You substitute the midpoint into the original equation (ax² + bx + c) for x to find the y-coordinate of the vertex

What part of the quadratic equation must be negative to make a parabola concave down

ax²

What do you do when the ax² is actually a number other than 1 or -1 (i.e. 3x² or 7x²)

Divide everything by the coefficient so that x² becomes monic

How do you complete the square?

Halve the x coefficient, then square it, and add it on to the equation (after that, either subtract it from the same line of the equation OR add it to the other side - this makes the equations the same as the original)

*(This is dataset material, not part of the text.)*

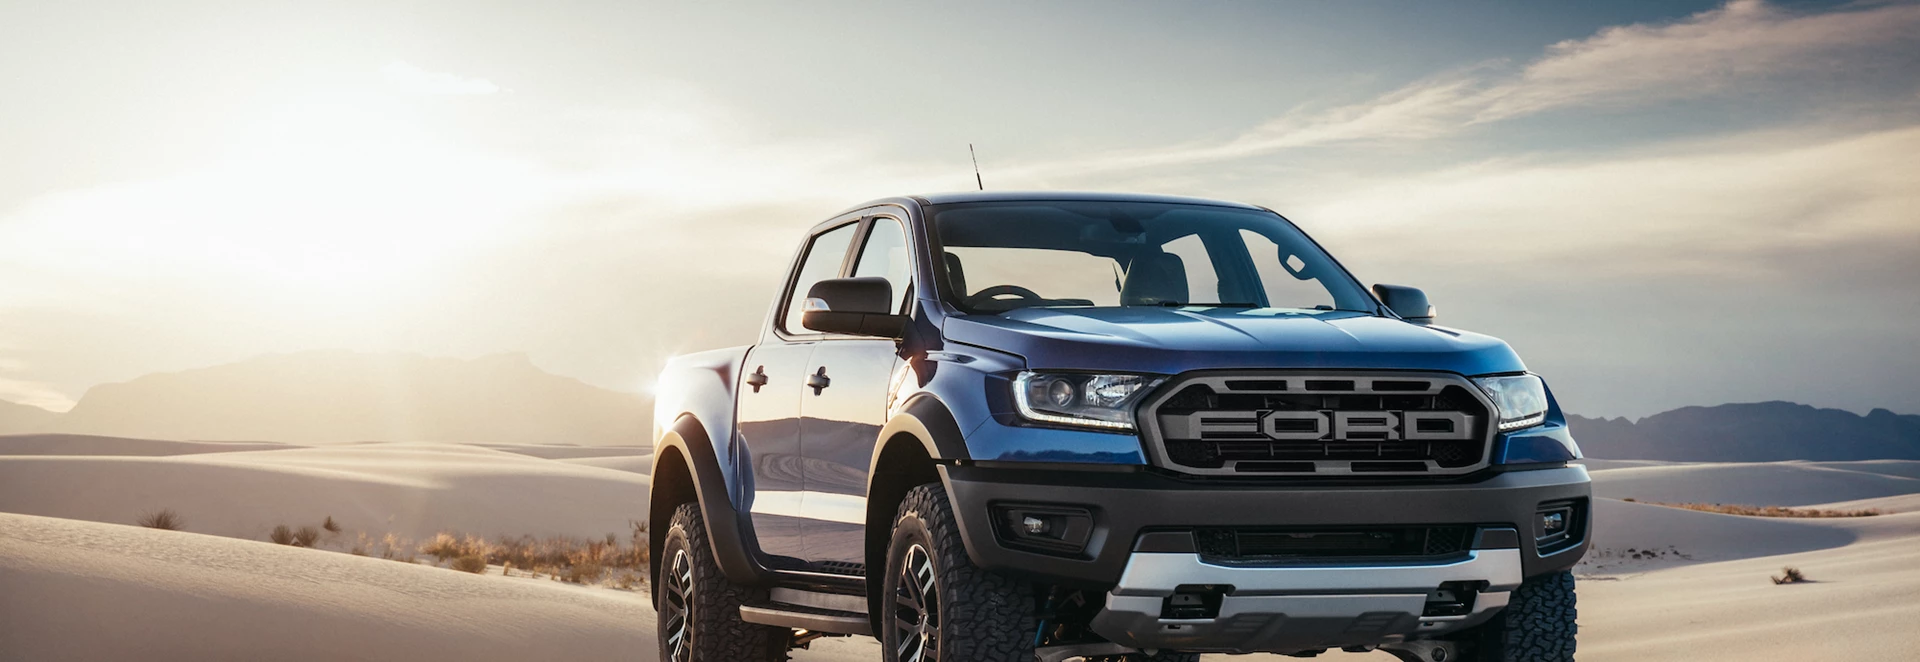 High-performance Ford Ranger Raptor pick-up truck revealed
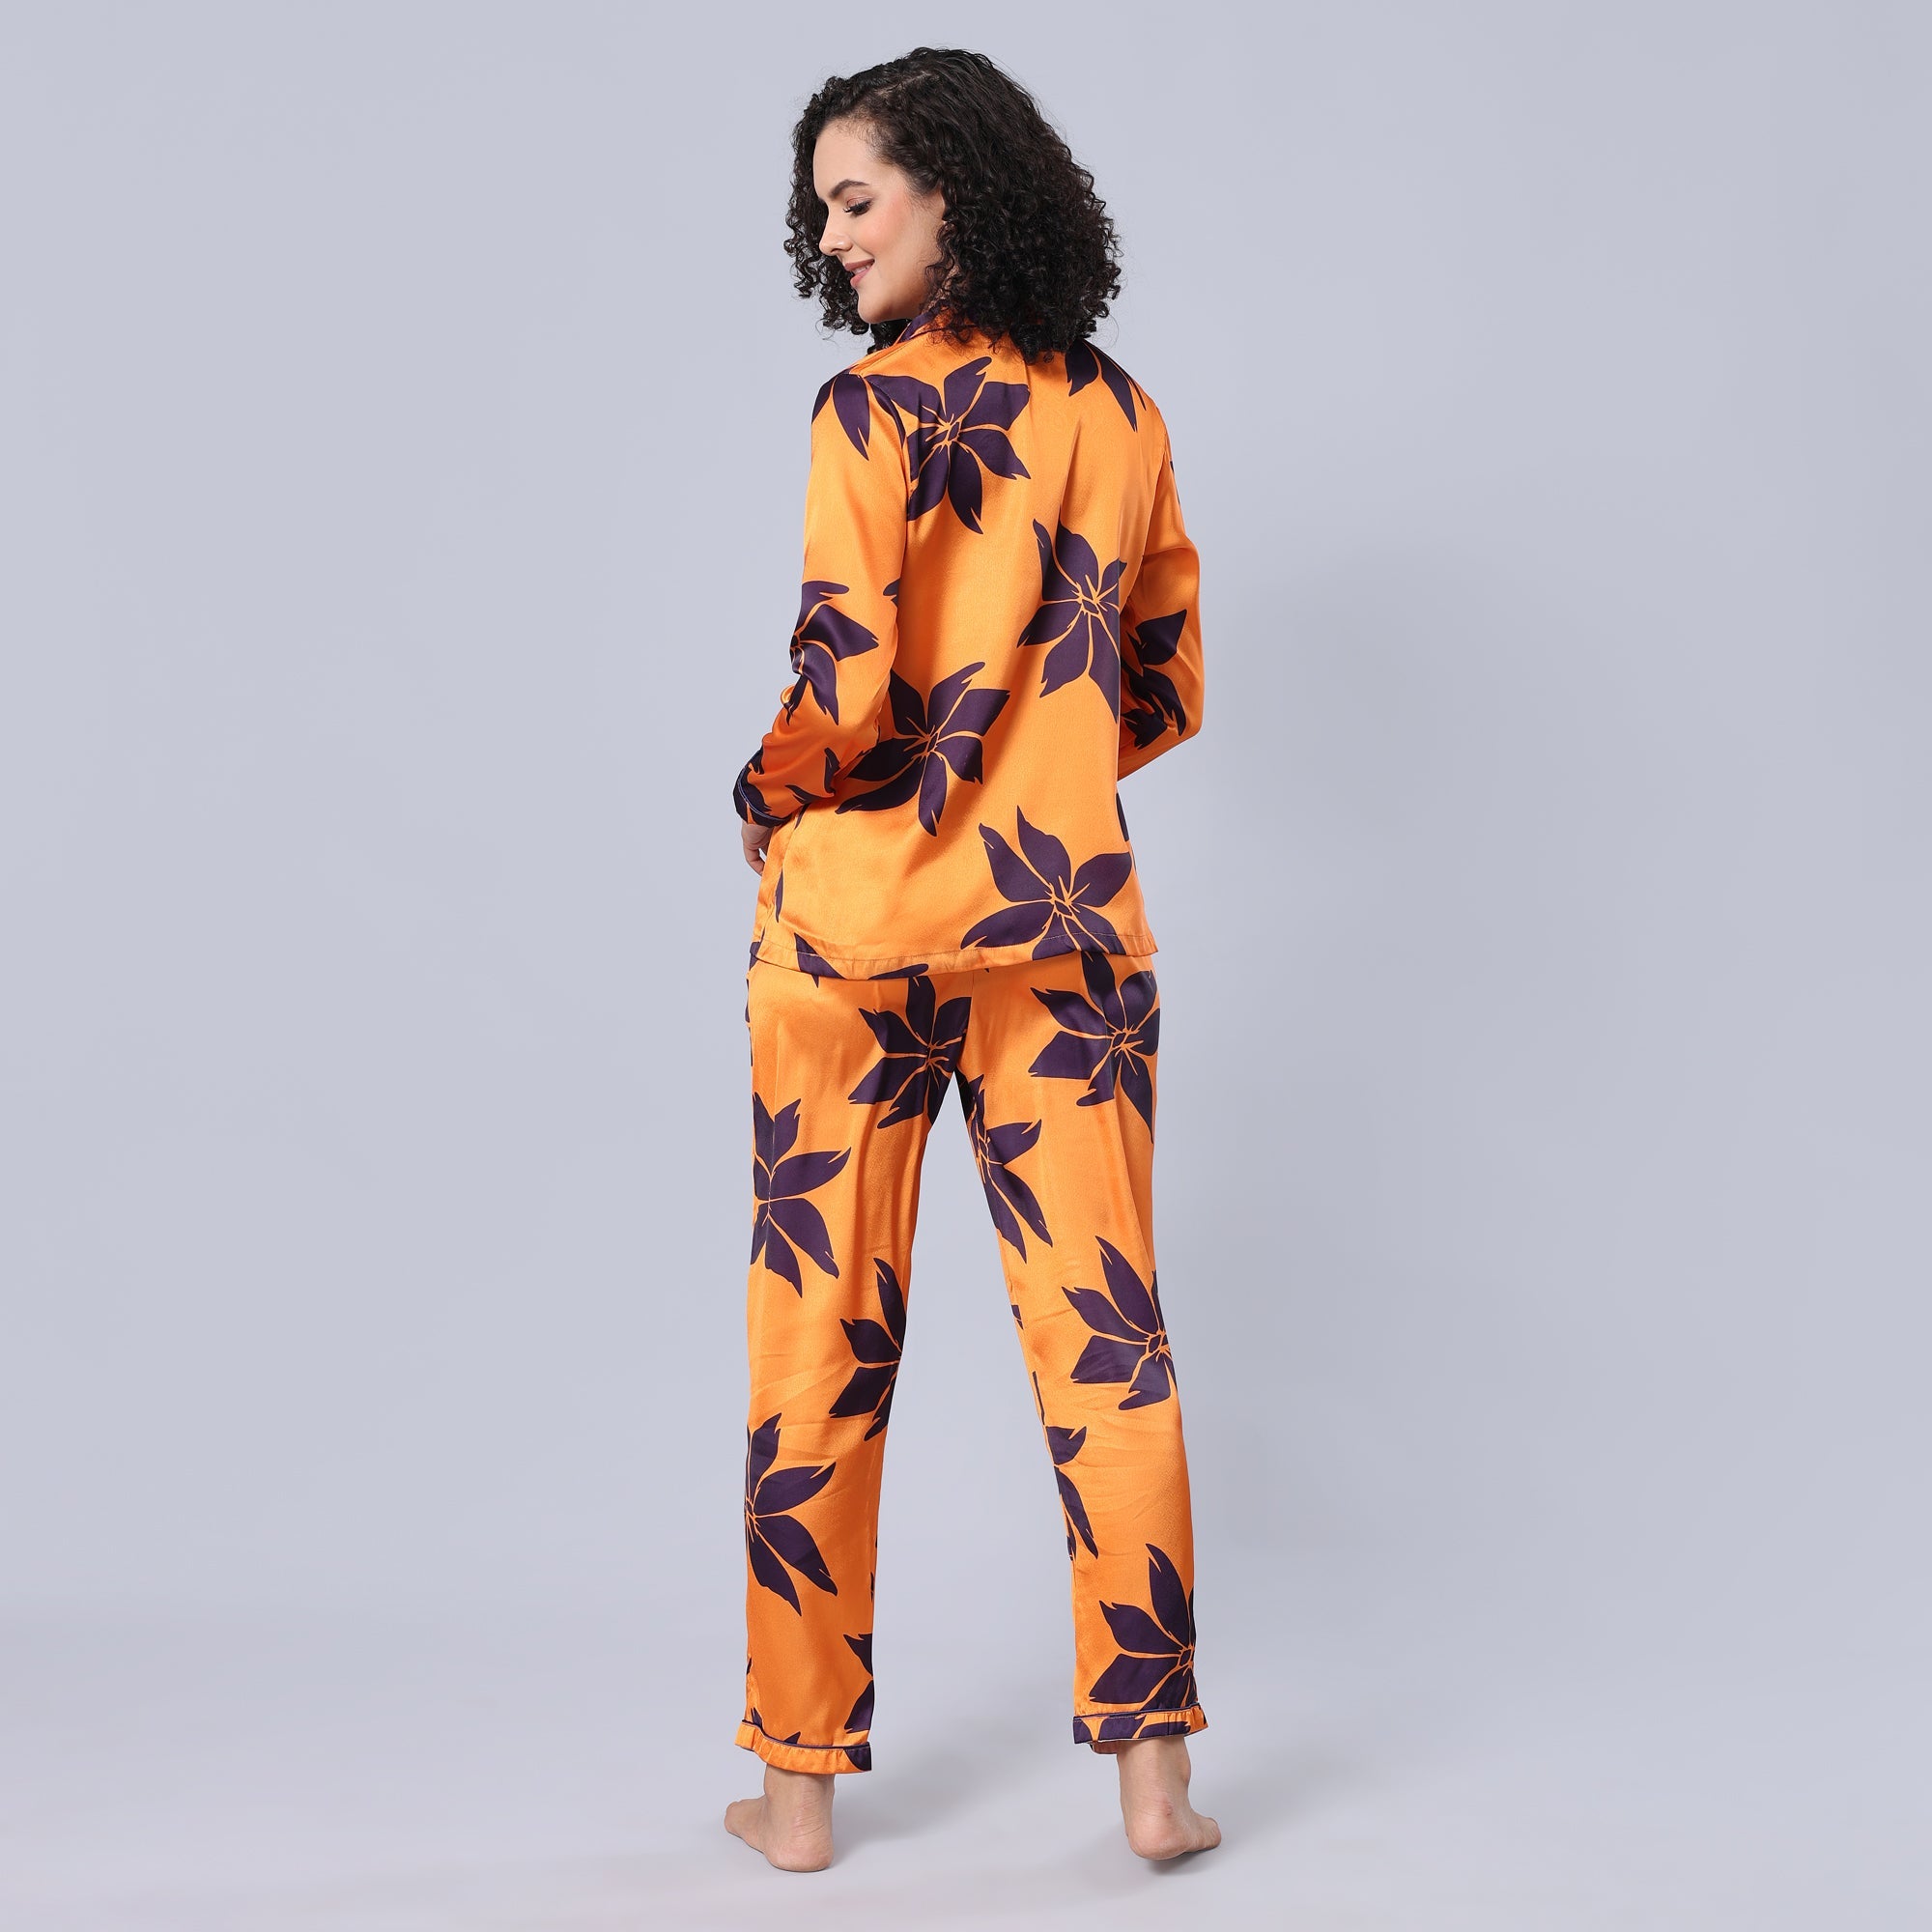 evolove Women Satin Short Sleeve Top and Pyjama Nightsuit Set

What does this type of equation show:

a(x-h)² + k

The vertex/ turning point - where -h is the x-coordinate AND k is the y-coordinate

What is the discriminant?

The b² - 4ac that is inside the square root on the quadratic equation

What happens if the discriminant is 0 ?

The parabola bounces off the x-int rather than going through

Equation of a circle?

x² + y² = r² (radius²)

Equation of a semi circle?

y = square root(a² - x²)

Equation for a hyperbola?

y = 1/x (1 over x) - could be any number not just 1

How do you determine the turning point of a hyperbola

Find the easiest two terms that make the numerator and those are the coordinates (create negative and positive coords) i.e. numerator of 4 —> 2×2 AND -2×-2 (coordinates for turning points would be (2,2) and (-2,-2))

What are the four types of relations and what do they mean?

one-to-one: no x-coords or y-coords match at all - a straight diagonal line

one-to-many: fails the vertical line test

many-to-one: fails the horizontal line test

many-to-many: fails both tests (a cycle)